I am single but lately observing marriage from the outside is like seeing life through a magnifying glass. You get to view people and relationships for what they truly are. This is not to say that this cannot be the case when a person is single, but with marriage or intimate relationships in general, all of the cracks and crevasses are seen in the raw and unprocessed state. We are exposed to the dirt that can sometimes leave us dusty and unclean; spots, blemishes, crust and more. I know I may be taking it a bit far in my description, but it is real. I am definitely not taking away from the beauty of marriage but we can sometimes get wrapped up in what we want and forget that marriage is for the purpose of glorifying God.
Witnessing this level of vulnerability in marriage can sometimes be a bit scary, but this is just my opinion; and I have even had some married people tell me, "Girl, enjoy the single life while you can." I cannot lie, some of the people that I know that are married, particularly some of the Christian couples, make marriage sound like a death sentence, so why would I want to take part in that? People need to think about what they say, even in "keeping it real."
From what I have seen and know through scripture, marriage seems to be a tangible example of what our (the church/body) relationships genuinely look like with God. I see within the church/body of Christ, imperfections, lack of power, selfishness, and a need to be in control. We need Jesus badly. This is so evident in my singleness so I can only imagine it in marriage; learning to love and see beyond your own wants and needs.
"For no one ever hated his own flesh, but nourishes and cherishes it, just as Christ does the church, because we are members of his body. “Therefore a man shall leave his father and mother and hold fast to his wife, and the two shall become one flesh.” This mystery is profound, and I am saying that it refers to Christ and the church. However, let each one of you love his wife as himself, and let the wife see that she respects her husband," (Ephesians 5:29-33 English Standard Version).
I have always wanted to be married and it is something I have been talking to God about in prayer since I was in the eighth grade. Throughout the years this has changed; it has been on for a period of time and then off. Recently with all I have seen, I said "Lord, I am not sure this is for me."
Many of my friends believe otherwise but the examples I have seen throughout my lifetime have not all been the greatest. It has been difficult for me to accept that everything will not be perfect because I have lived my life as a perfectionist until some recent years; and I still slip in and out of that state at times. The thought of me being in a marriage and it not being perfect frightens me, because it would give me a daily reminder that I need Jesus.
Sometimes we do not like to be reminded that we are powerless and that we need the Lord in every way. I am also called to love my neighbor as I love myself. Thinking about this makes me wonder about the way I love myself and more importantly how I have been loving others.
"And one of the scribes came up and heard them disputing with one another, and seeing that he answered them well, asked him, “Which commandment is the most important of all?” Jesus answered, “The most important is, ‘Hear, O Israel: The Lord our God, the Lord is one.
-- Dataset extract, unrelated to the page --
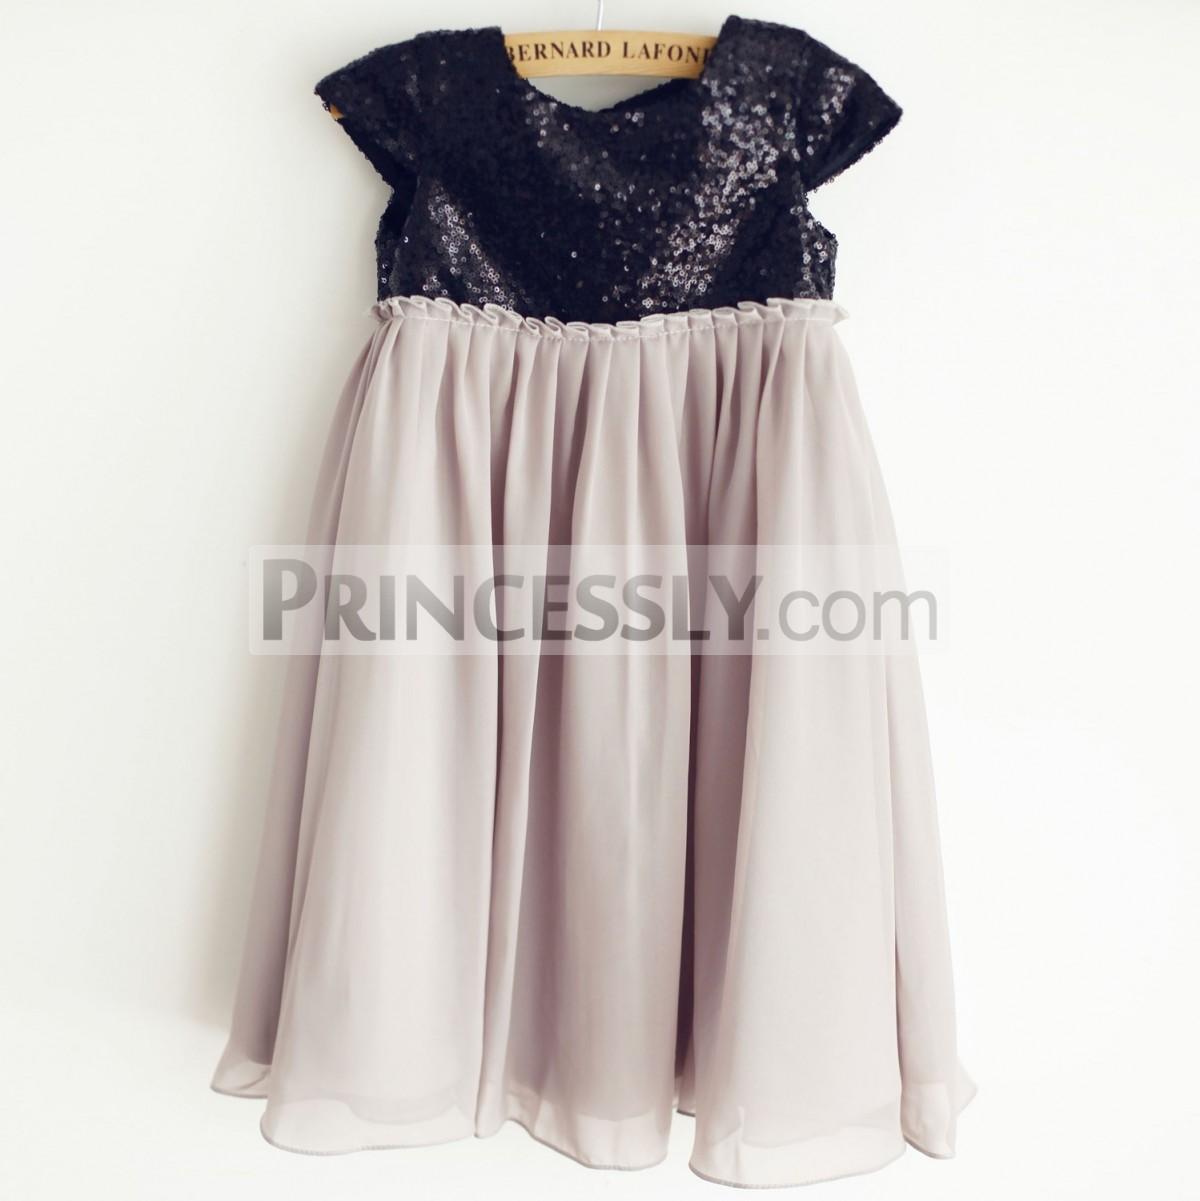 Princessly.com-K1003959-Black Sequin Gray Chiffon Cap Sleeves Wedding Flower Girl Dress-31
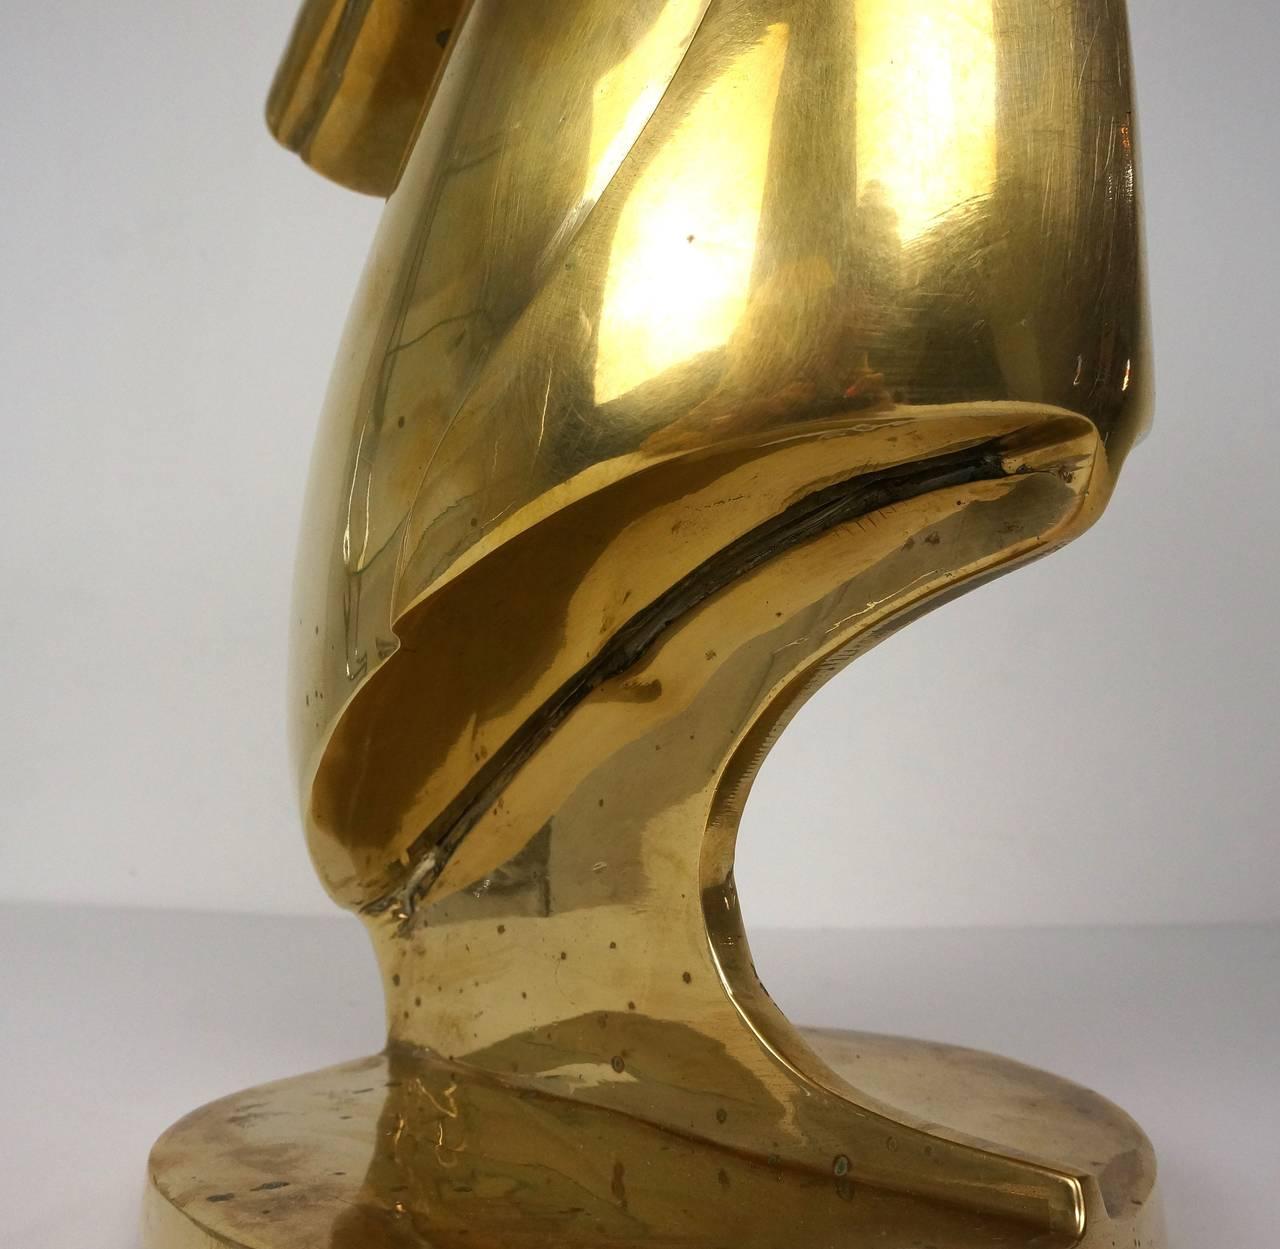 Art Deco Style Sculpture of a Gazelle / Antelope in Cast Brass, Mid-Century 3

And you shall love the Lord your God with all your heart and with all your soul and with all your mind and with all your strength.’ The second is this: ‘You shall love your neighbor as yourself.’ There is no other commandment greater than these," (Mark 12:28-31 English Standard Version).
Marriage, relationships, friendships, and connecting with others show us that our lives are not solely about us. You cannot put into practice, all that you have learned through the word of God, by secluding and isolating yourself. You have to learn amongst the people.
It is not easy, but God is building me up daily through His word, prayer, praise, worship, and people. As I desire to be closer to Him, He gives me the grace to handle all that comes my way.
So if marriage is a path that God wants me to take, He will surely equip me. It will not be in my own strength but in and through Him.
"For by grace you have been saved through faith. And this is not your own doing; it is the gift of God, not a result of works, so that no one may boast," (Ephesians 2:8-9 English Standard Version).
Now I understand more and more why God is the third strand in marriage. It comes from Him, so He is the one who holds it together in the life of the believer.